Each letter of a word scores points according to it’s position in the alphabet: a = 1, b = 2, c = 3 etc.

You need to return the highest scoring word as a string.

If two words score the same, return the word that appears earliest in the original string.

All letters will be lowercase and all inputs will be valid.’’

Now that I have (sort of) grasped the for loop being used to lookup some table, I need to manage an input into

function high(x)

where x consists of two different strings. The function should return the string which scores the higher amount of points which is determined by adding up each letter’s value.

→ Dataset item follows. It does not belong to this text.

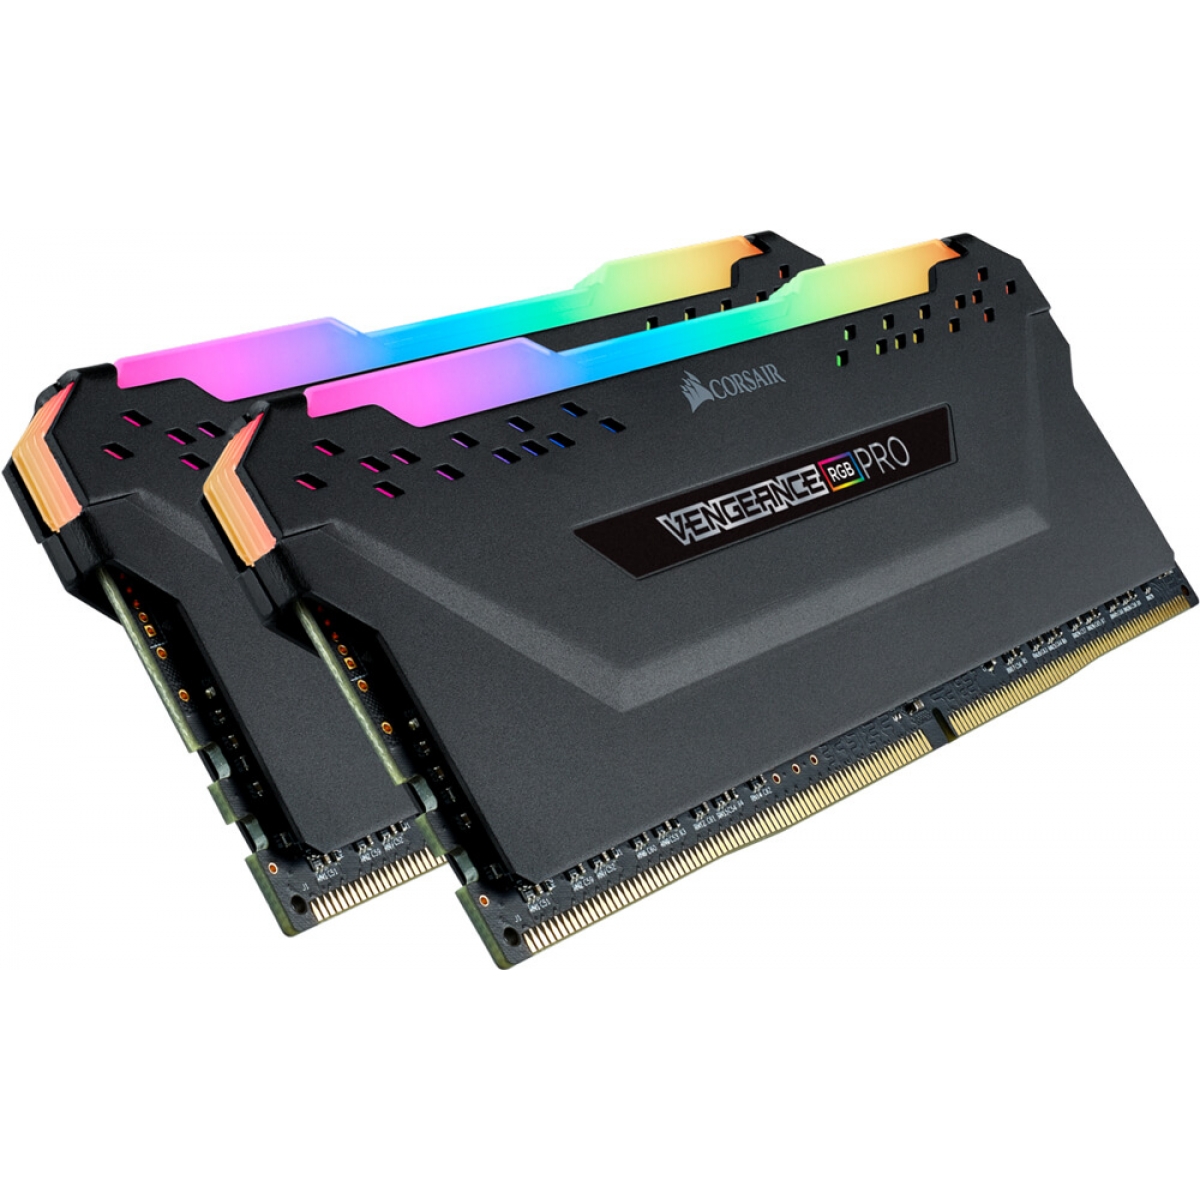 Memória DDR4 Corsair Vengeance PRO, RGB, 16GB (2x8GB) 2666MHz, CMW16GX4M2A2666C16 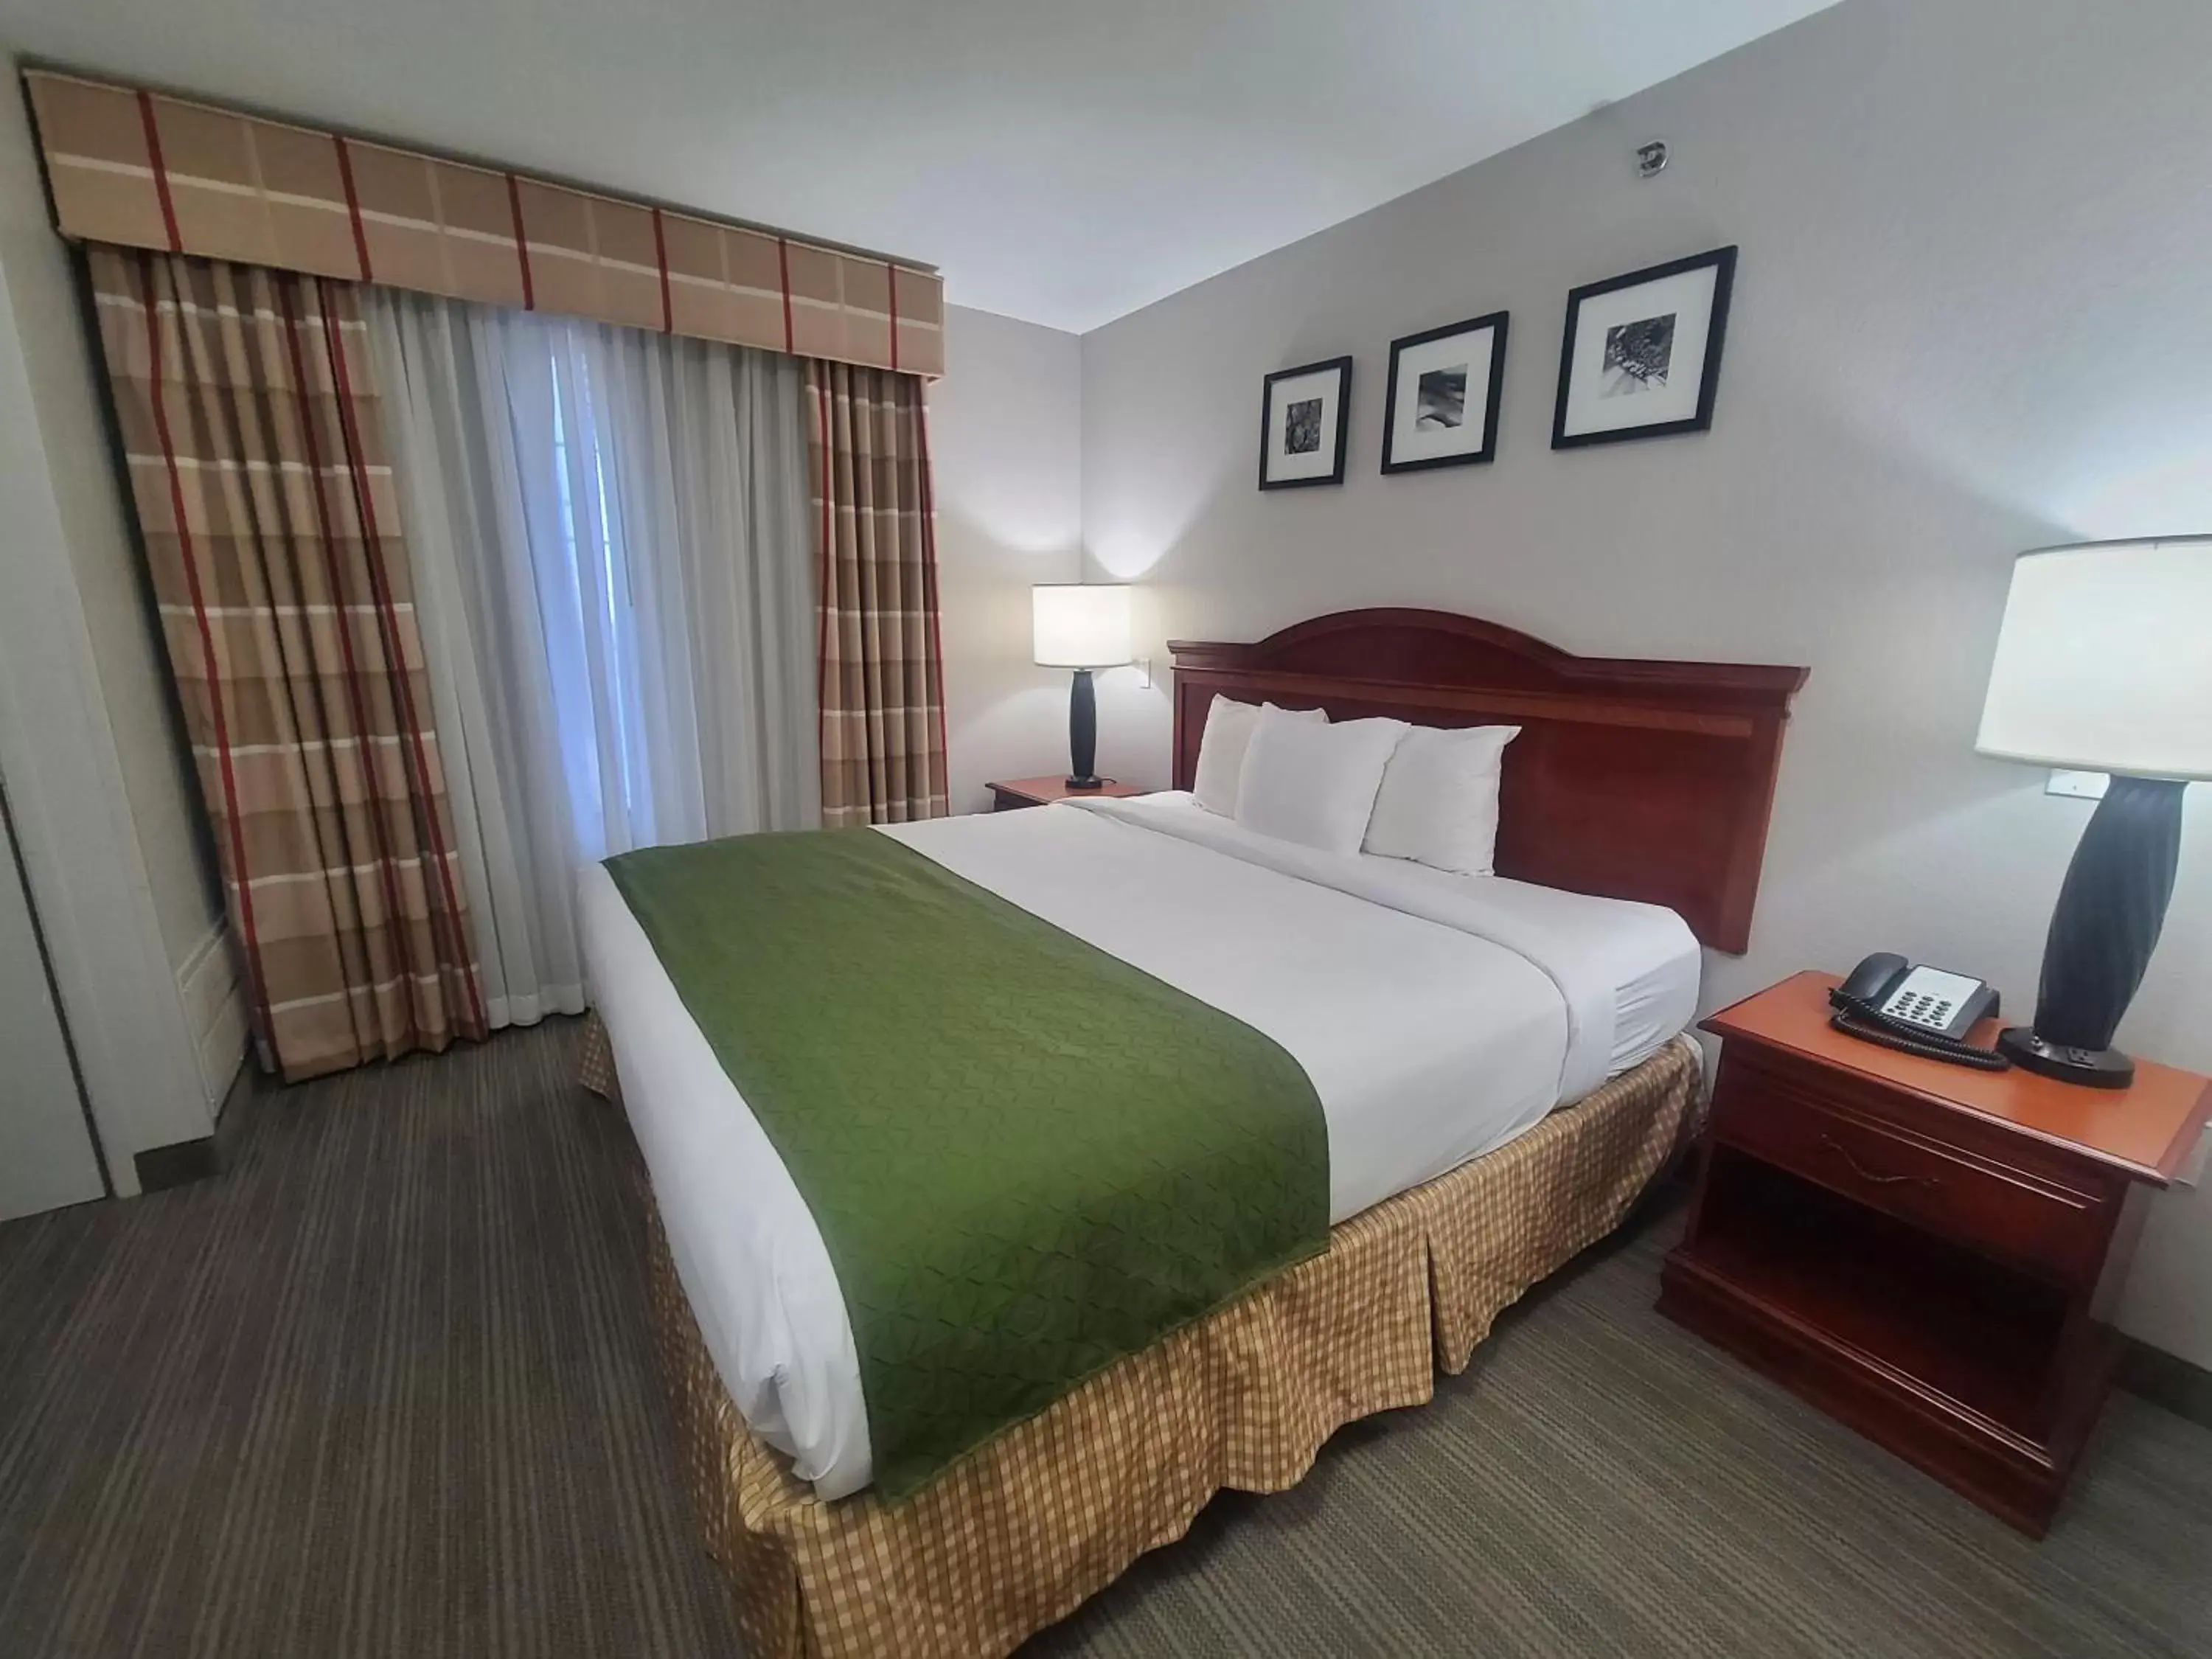 Bedroom in Country Inn & Suites by Radisson, Paducah, KY

How would I ‘‘upgrade’’ the original code so that it works with multiple string inputs? Hope this makes sense

7

I wouldn’t “upgrade” the other function, I would use it as a helper function to make high() work.
(and I guess with your problem parameters, the toLowerCase() in my solutions are unnecessary.)

8

essentially, what I’m talking about is something like this:

function high(str) {
    // divide str into the first and second word
    // figure out if calcAlphabet(firstWord) is bigger or calcAlphabet(secondWord)
    // return the bigger scoring word, or if they tie, firstWord
}

function calcAlphabet(str) {
    // your stuff you already figured out
}

Of course if the string is longer than two words, which it looks like it might be by the requirements, you’re gonna need a loop similar to the one you used in calcAlphabet()

9 
function high(x){

var y = x[0]; //first string
var z = x[1]; //second string

yArr = y.split('')
zArr = z.split('')

var alphabet = { a:1 , b:2 , c:3 , d:4 , e:5 , f:6 , g:7 , h:8 , i:9, j:10 , k:11 , l:12, m:13, n:14 , 
o: 15, p:16 , q:17 , r:18 , s:19 , t:20, u:21 , v:22 , x:23, w:24, y:25 , z:26 }

var totalY=0;

for (var i=0 ; i<yArr.length ; i++){
  totalY = totalY + alphabet[yArr[i]];
}

var totalZ=0;

for(var j = 0 ; j<zArr.length ; j++) {
   totalZ= totalZ + alphabet[zArr[j]]
}

if (totalY==totalZ) {
    return y;  // As challenge states return the first string if both score the same
}

if (totalY>totalZ) {
return y; 
}

if (totalY<totalZ) {
return z;
}


}

Does the above satisfy the solution?

10

This is an assignment, not a comparison: comparisons are == or ===

I would use this, much less code:

if (totalZ > totalY) {return z;} else {return y;}
11

My mistake. Now corrected using ==

12

If you have more than two words this doesn’t work though. How can you make it so they ti works for any number of words?

13

Yeah I tried my best in making a standardised version that looks through n words but it’s easier to make a 2 words version first to check. Unfortunately, this has not sparked the intuition for making it work if the input is, say

“An example of text”

It only seems to work for

‘‘ExampleOne’’
‘‘ExampleTwo’’

It would compare the points of both and return the one with a higher score.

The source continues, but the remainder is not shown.